FROM DARKNESS TO VISION: MODELS OF LASER-INDUCED RETINAL INJURY TO STUDY REGENERATION

From darkness to vision: models of laser-induced retinal injury to study regeneration:
Retinal degenerative diseases are complex multifactorial diseases with different etiological aspects but common degeneration pattern. Progressive retinal pigment epithelium and/or photoreceptors death results in irreversible vision loss due to the formation of a glial scar in mammals as a result of the activation, proliferation and extension of hypertrophied processes by Müller cells as well as expression of active factors like extracellular matrix components.

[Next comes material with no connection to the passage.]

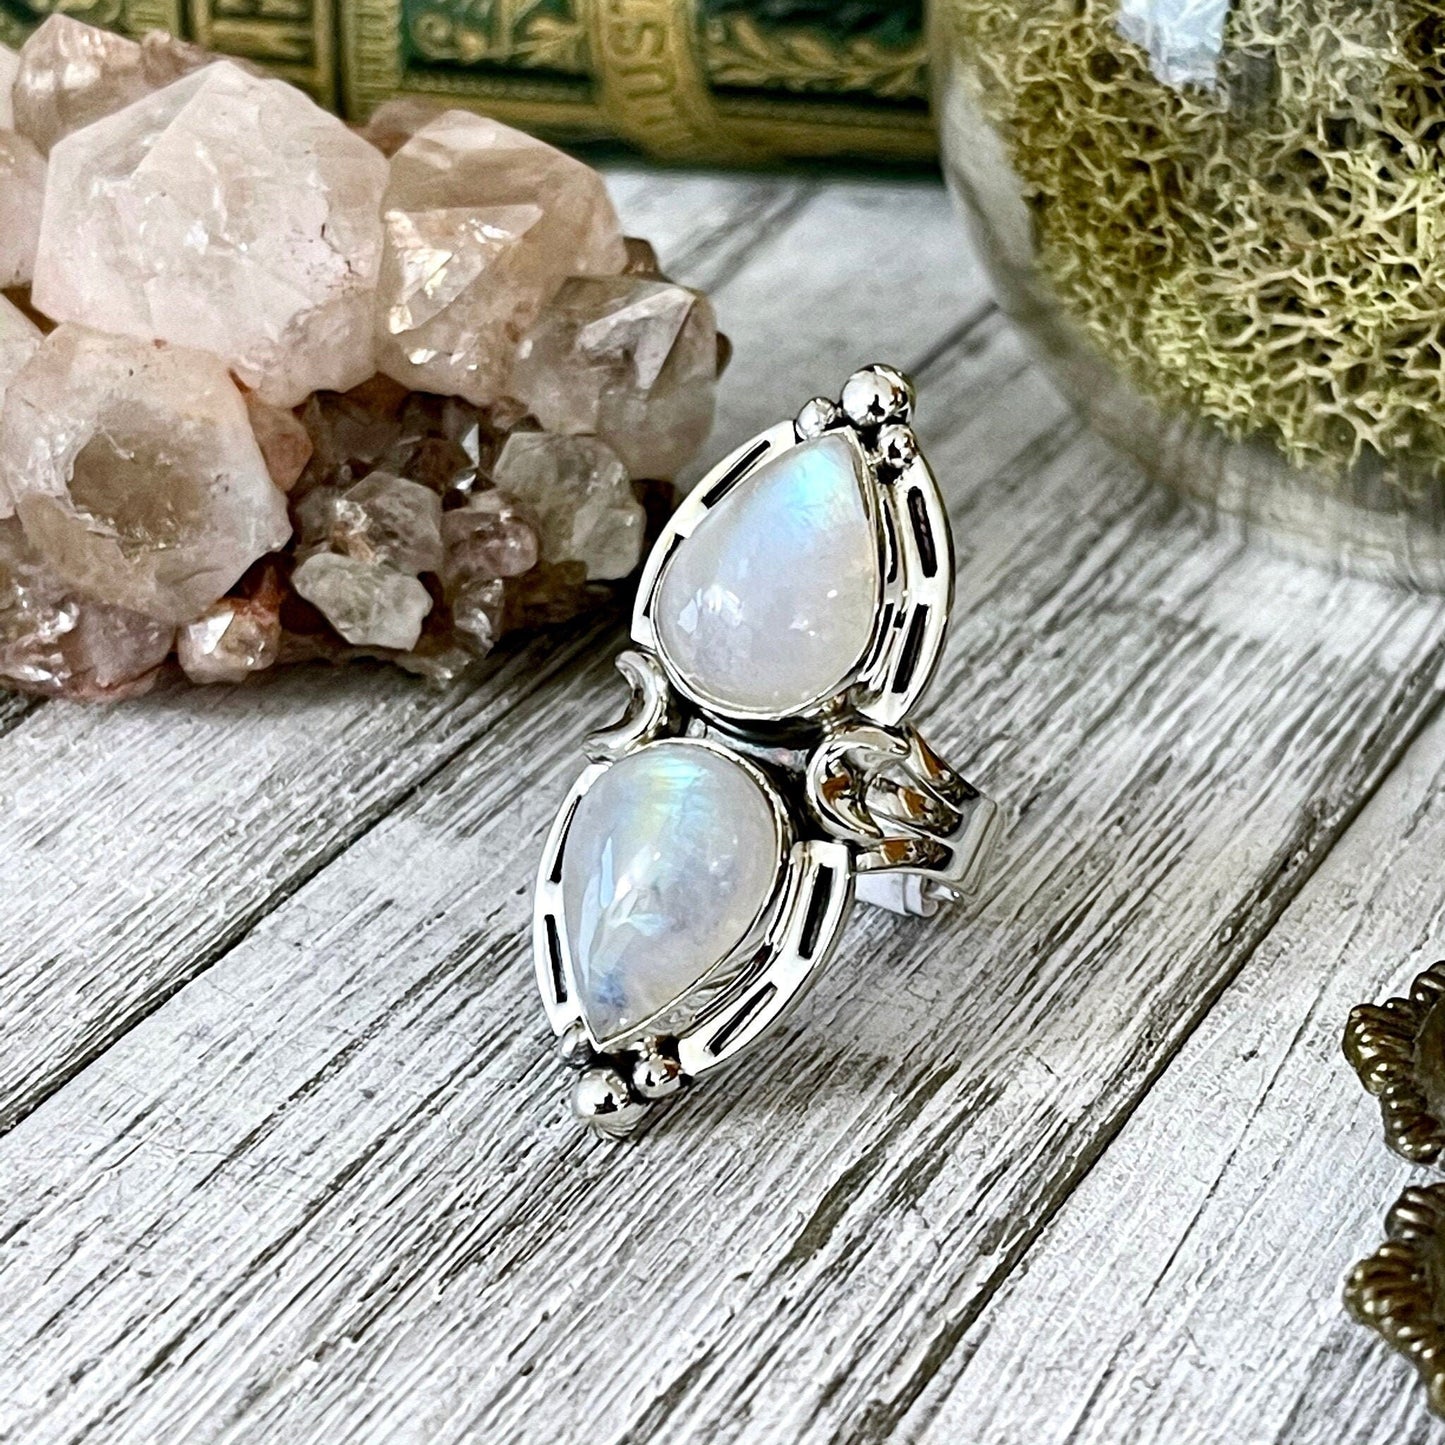 Mystic Moons Rainbow Moonstone Crystal Ring in Solid Sterling Silver- Designed by FOXLARK Collection Size 5 6 7 8 9 10 11

On the other hand, organisms with high regenerative potential like zebrafish, possess the ability to regenerate functional retinal tissue through activation, dedifferentiation and asymmetric division of Müller cells. With our study we intend to identify uncharacterized key genes and regulatory pathways that could be modulated to induce regeneration in mammals in order to set the base for the development of regenerative therapies for incurable eye diseases. For this, we set up two models of laser induced retinal degeneration (zebrafish and mouse) using a 532 nm laser system (Micron V, Phoenix). We monitored the progression and kinetics of scar formation/resolution using optical coherence tomography imaging, histological and immunohistological analyses at different time points. We optimized laser power and pulse duration to induce replicable damages without altering the Bruch’s membrane integrity to model dry age-related macular degeneration retinal lesions. We characterized the expression of known markers (GFAP, Vimentin) indicating activation of Müller cells upon damage. Omics technologies will now be implemented to characterize the kinetics more at a molecular level and identify druggable targets.